- Theatrical release poster
- Directed by: Bharathiraja
- Screenplay by: Bharathiraja
- Story by: R. Selvaraj
- Produced by: Bharathiraja
- Starring: Rajinikanth Amala Bhagyalakshmi
- Cinematography: B. Kannan
- Edited by: P. Mohanraj
- Music by: Hamsalekha
- Production company: Manoj Creations
- Release date: 8 November 1988;
- Running time: 144 minutes
- Country: India
- Language: Tamil

= Kodi Parakkuthu =

1988 film directed by Bharathiraja

Kodi Parakkuthu is a 1988 Indian Tamil-language action film co-written, produced and directed by Bharathiraja. The film starred Rajinikanth, who worked with Bharathiraja nearly a decade after their last film 16 Vayathinile (1977). It was released on 8 November 1988, and failed at the box office.

== Plot ==

A mafia leader tries to kill a policeman, Sivagiri, who took down his illegal businesses, with the help of a lookalike. Later, Sivagiri discovers that the leader is responsible for his father's death.

== Production ==
Following the financial failure of some of his "award winning" films, Bharathiraja said he was forced to make the more populist Kodi Parakkuthu to compensate his losses. Manivannan portrayed the film's antagonist, and his voice was dubbed by Bharathiraja.

== Soundtrack ==
The music was composed by Hamsalekha. The song "Selai Kattum" is set in the Carnatic raga Shree. The song "Oh Kadhal Ennai" was reused from the song "O Meghave" with a tune in between taken from another song "Mussanjeli Nammuralli" - both from Hamsalekha's earlier Kannada film Ranaranga, which was released the same year.

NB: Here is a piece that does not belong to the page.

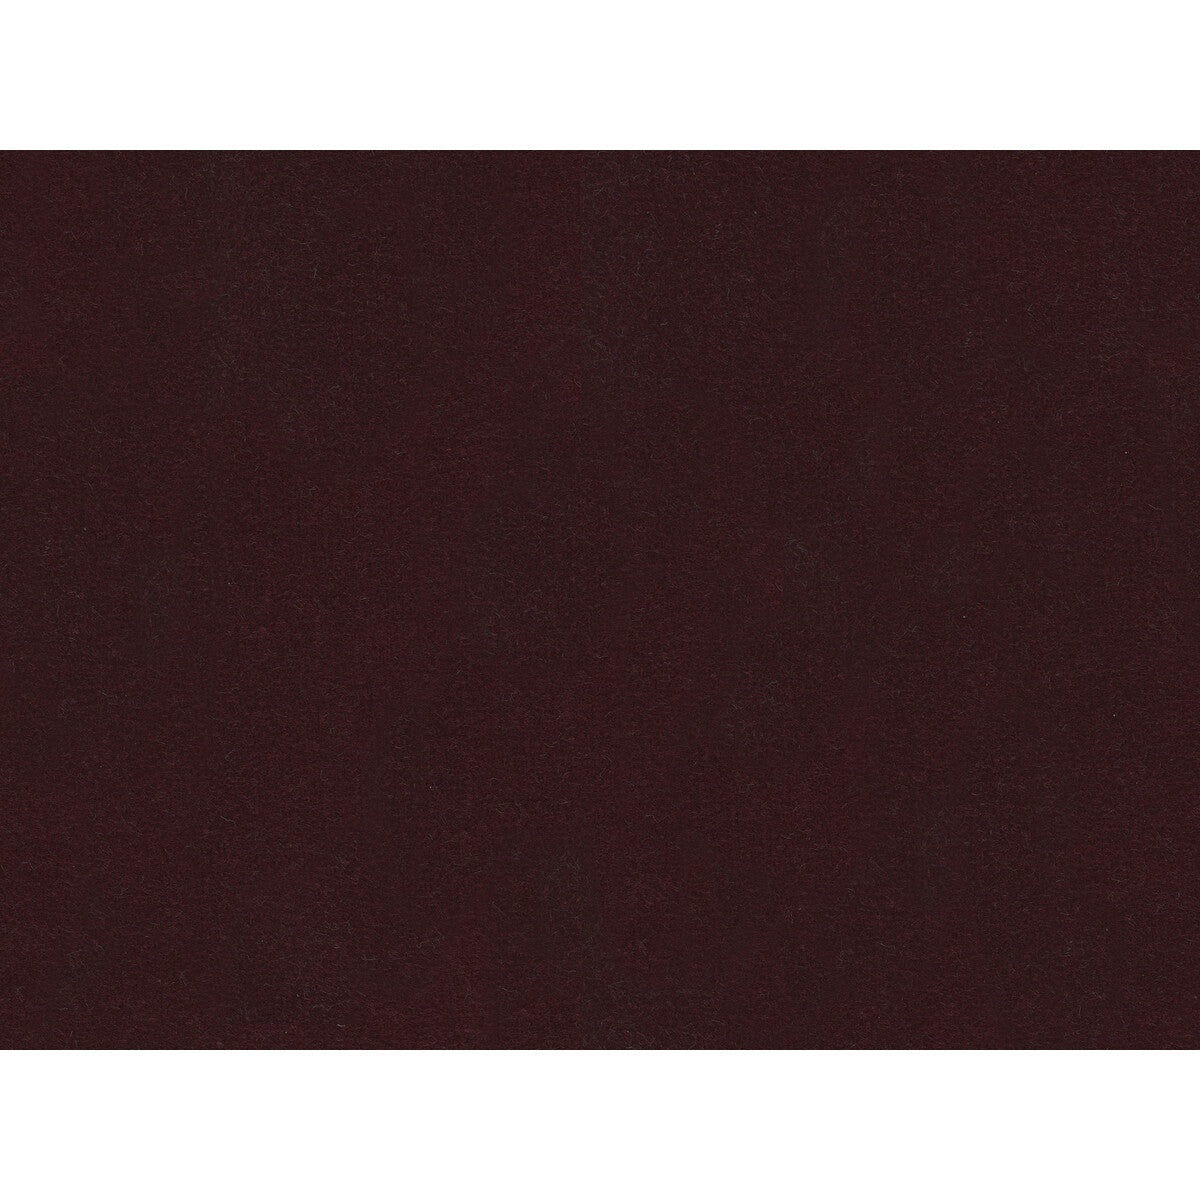 Statuesque fabric in merlot color - pattern 34328.9.0 - by Kravet Couture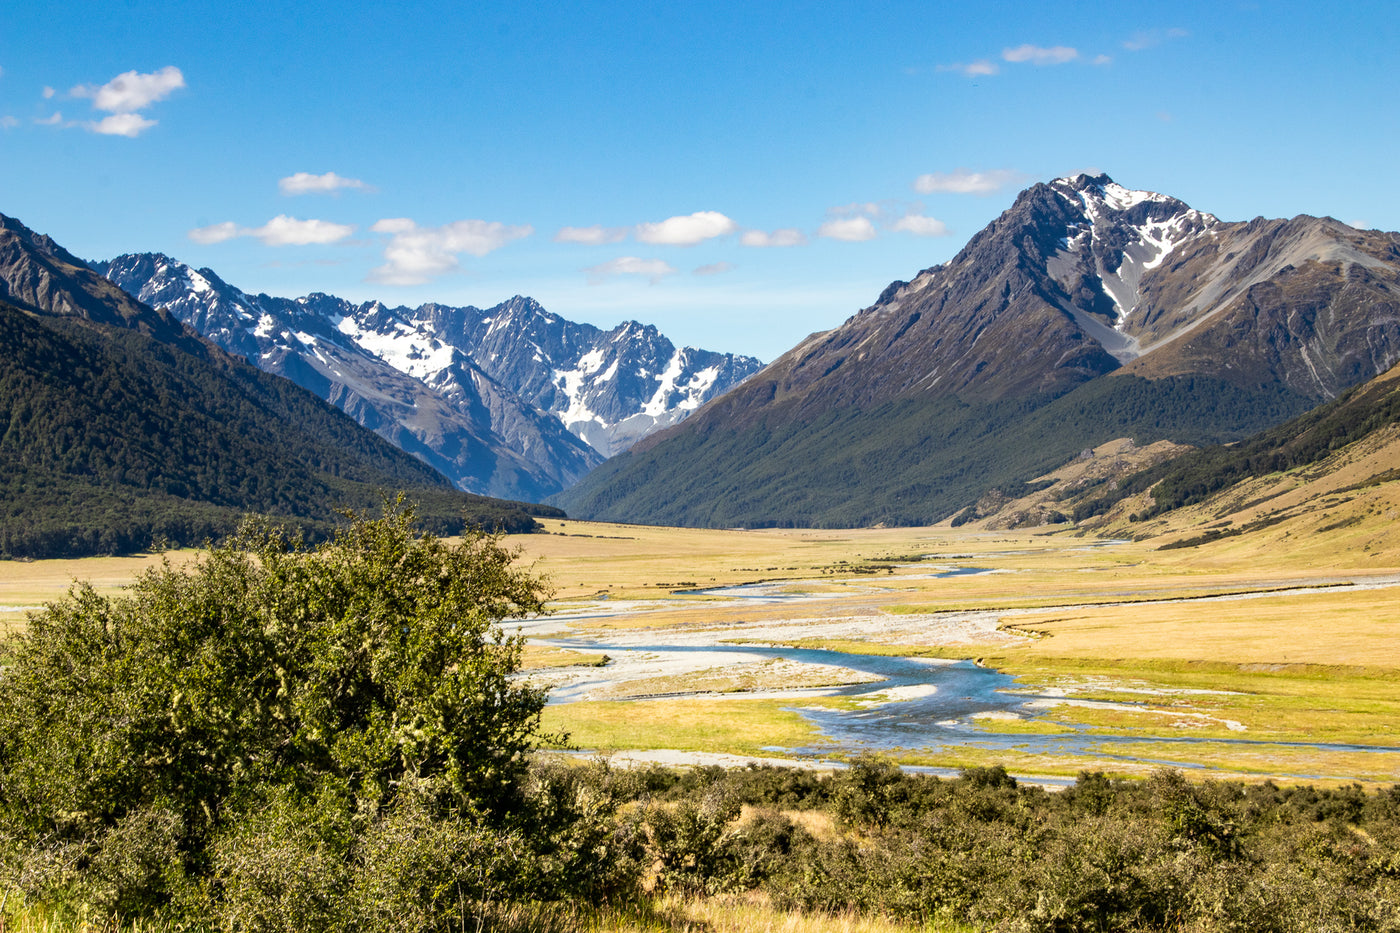 7 of New Zealand's "Great Day Walks"

| Title | Singer(s) | Lyrics | Length |
| "Annai Madiyil" (Female) | Uma Ramanan | Vairamuthu | 2:50 |
| "Annai Madiyil" (Male) | S. P. Balasubrahmanyam | 3:47 |
| "Oh Kadhal Ennai" | S. P. Balasubrahmanyam, Vani Jairam | 5:05 |
| "Oh Kadhal Ennai" | S. P. Balasubrahmanyam, K. S. Chithra | 4:12 |
| "Selai Kattum Pennukkoru" | S. P. Balasubrahmanyam, K. S. Chithra | 4:36 |
| "Thondaikkulle" | Malaysia Vasudevan, K. S. Chithra |  | 6:02 |

== Release and reception ==
Kodi Parakkuthu was released on 8 November 1988. N. Krishnaswamy of The Indian Express wrote, "Kodi Parakkudhu is a flag that flutters in full flow, its not a half-mast performance and there's no question of Bharathiraja having surrendered creativity at the altar of starry caprice". Jayamanmadhan of Kalki reviewed the film more positively, saying that while Bharathiraja fans may feel cheated due to the film not being in his usual style, it was a treat for Rajinikanth fans. The film was commercially unsuccessful.